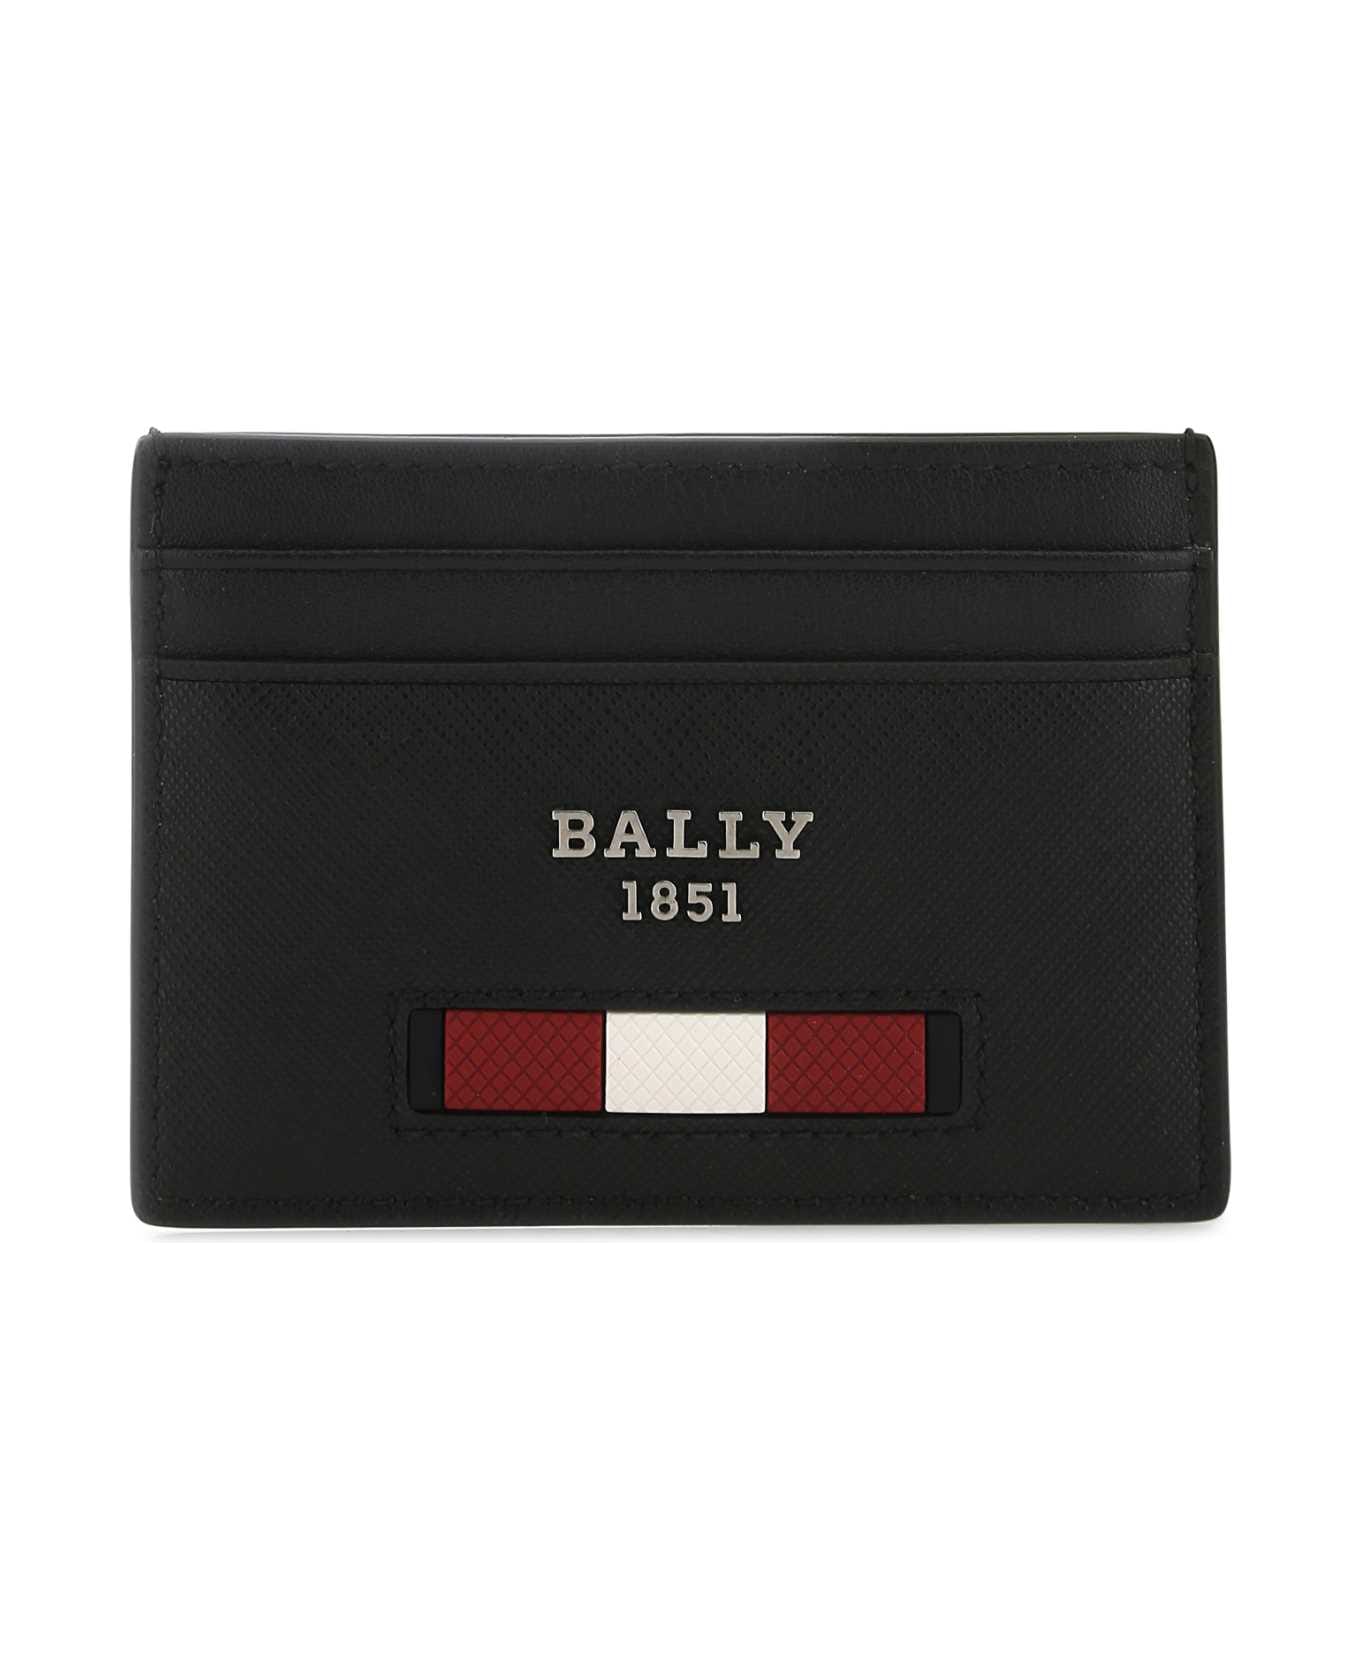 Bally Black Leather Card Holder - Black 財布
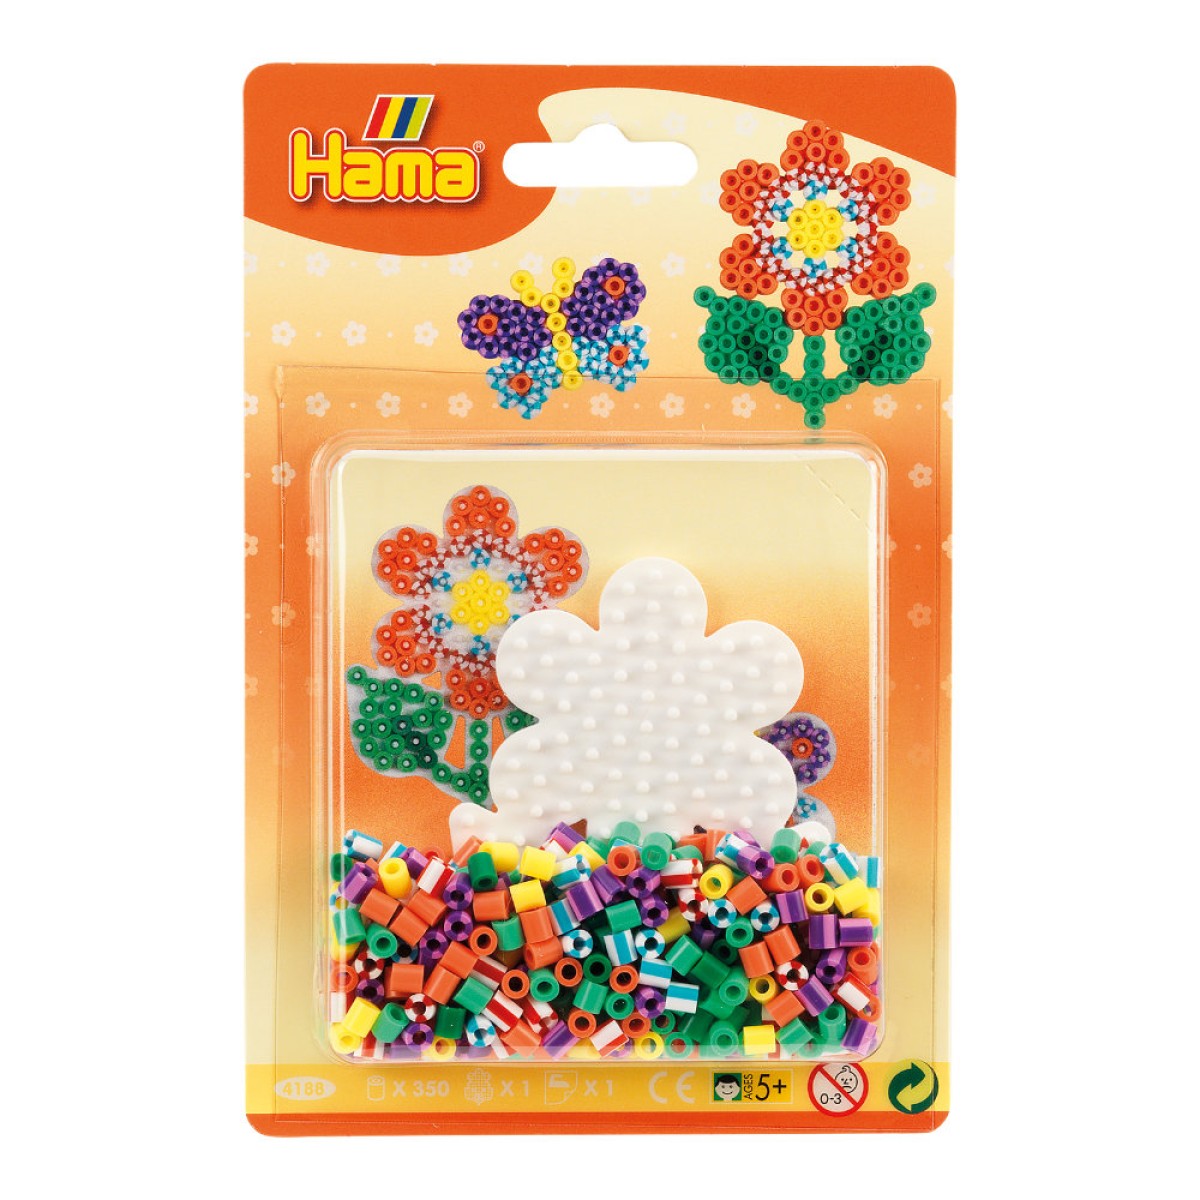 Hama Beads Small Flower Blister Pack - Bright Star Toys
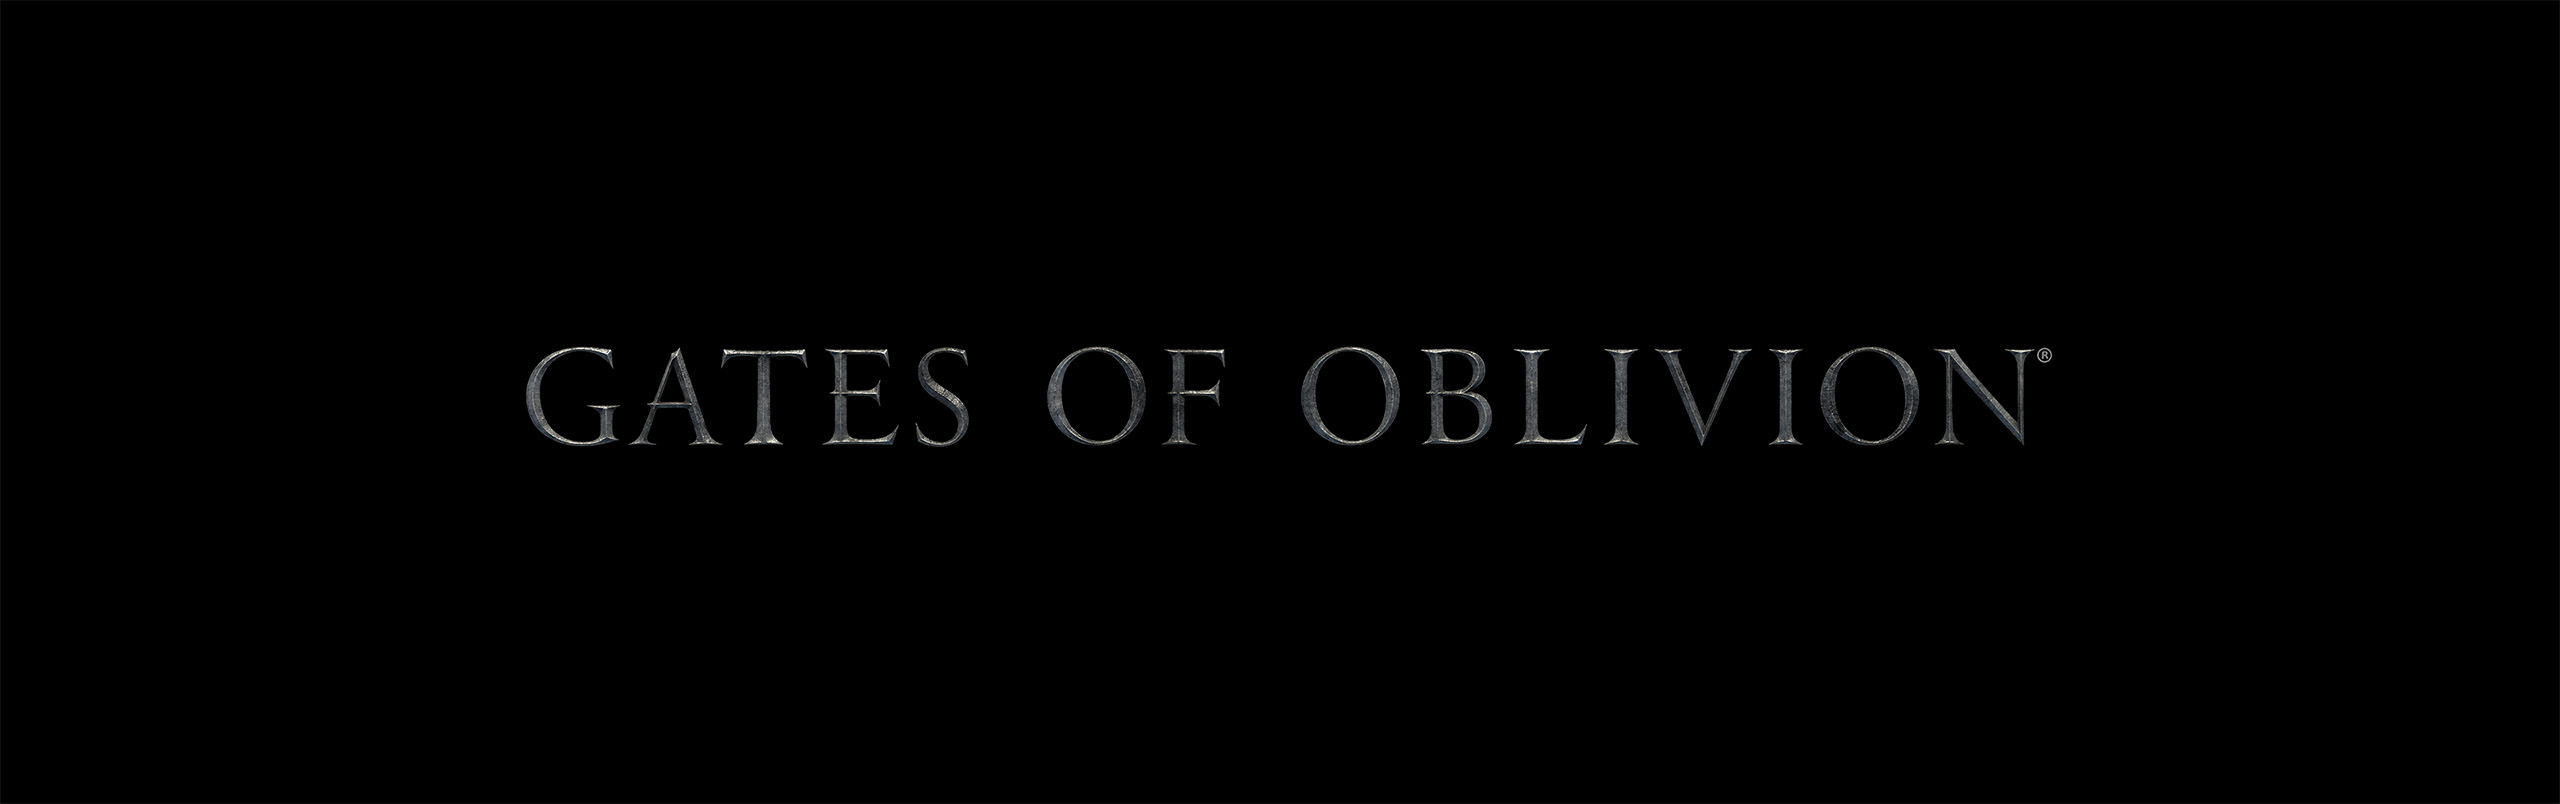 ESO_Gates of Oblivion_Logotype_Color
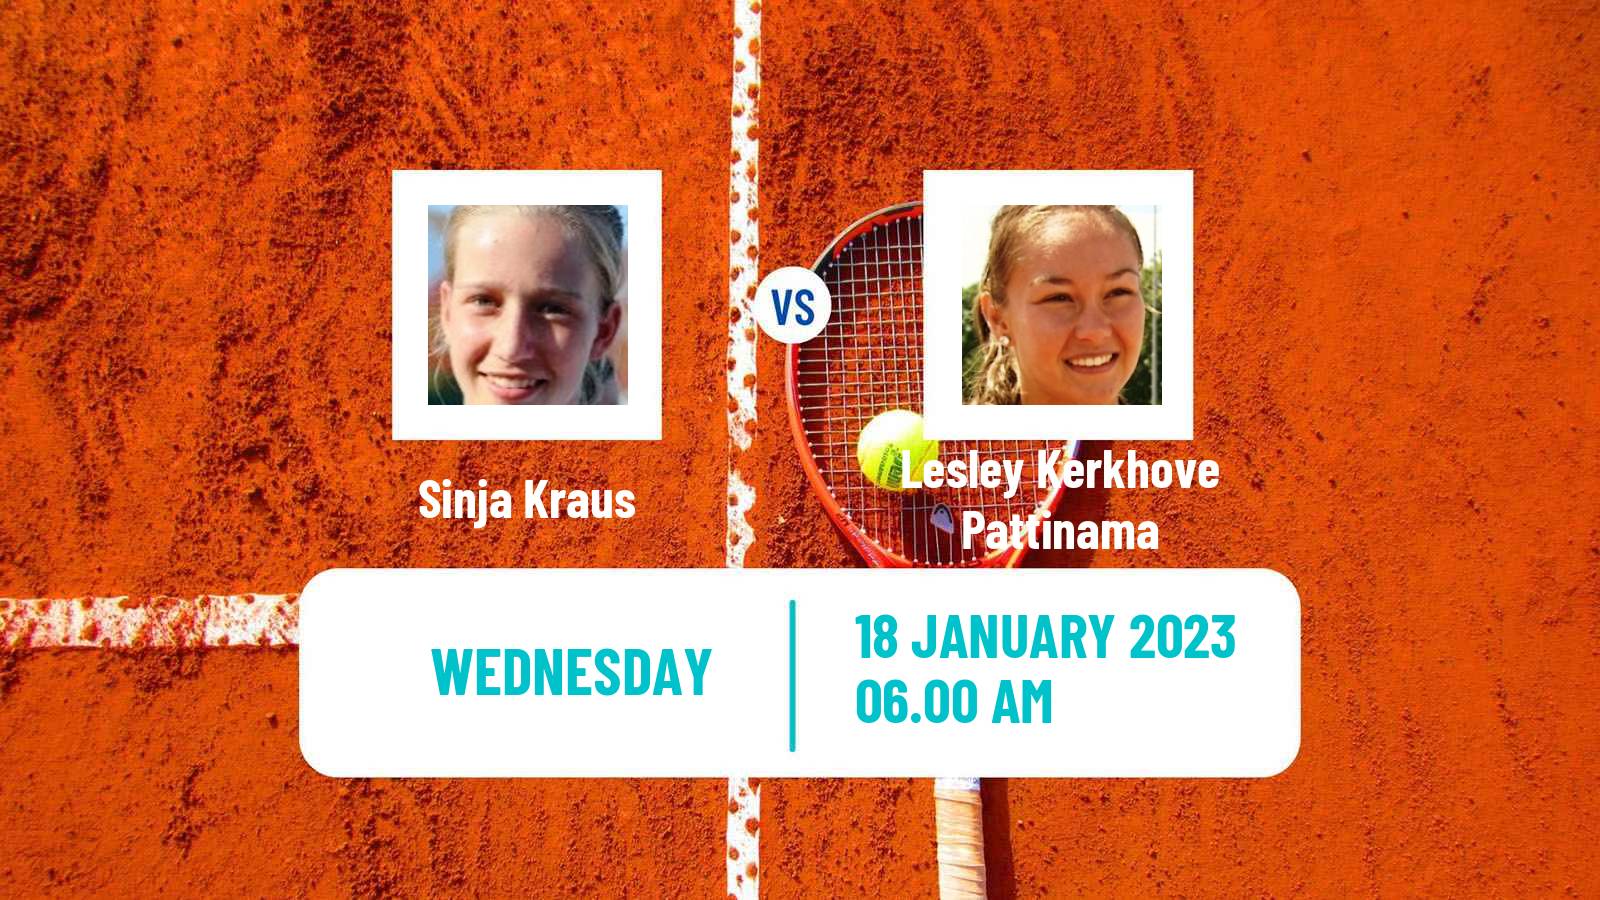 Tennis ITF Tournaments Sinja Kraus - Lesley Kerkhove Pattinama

◆ **INSTRUCTIONS FOR THE TASK**: Exact reproduction is required. Output only the lines from the one with "ESO_Gates of Oblivion_Logotype_Color" through the end of the listing above, both ends included, and no pictures.

◆ **RESPONSE**:
 ESO_Gates of Oblivion_Logotype_Color
 Tennis ITF Tournaments Sinja Kraus - Lesley Kerkhove Pattinama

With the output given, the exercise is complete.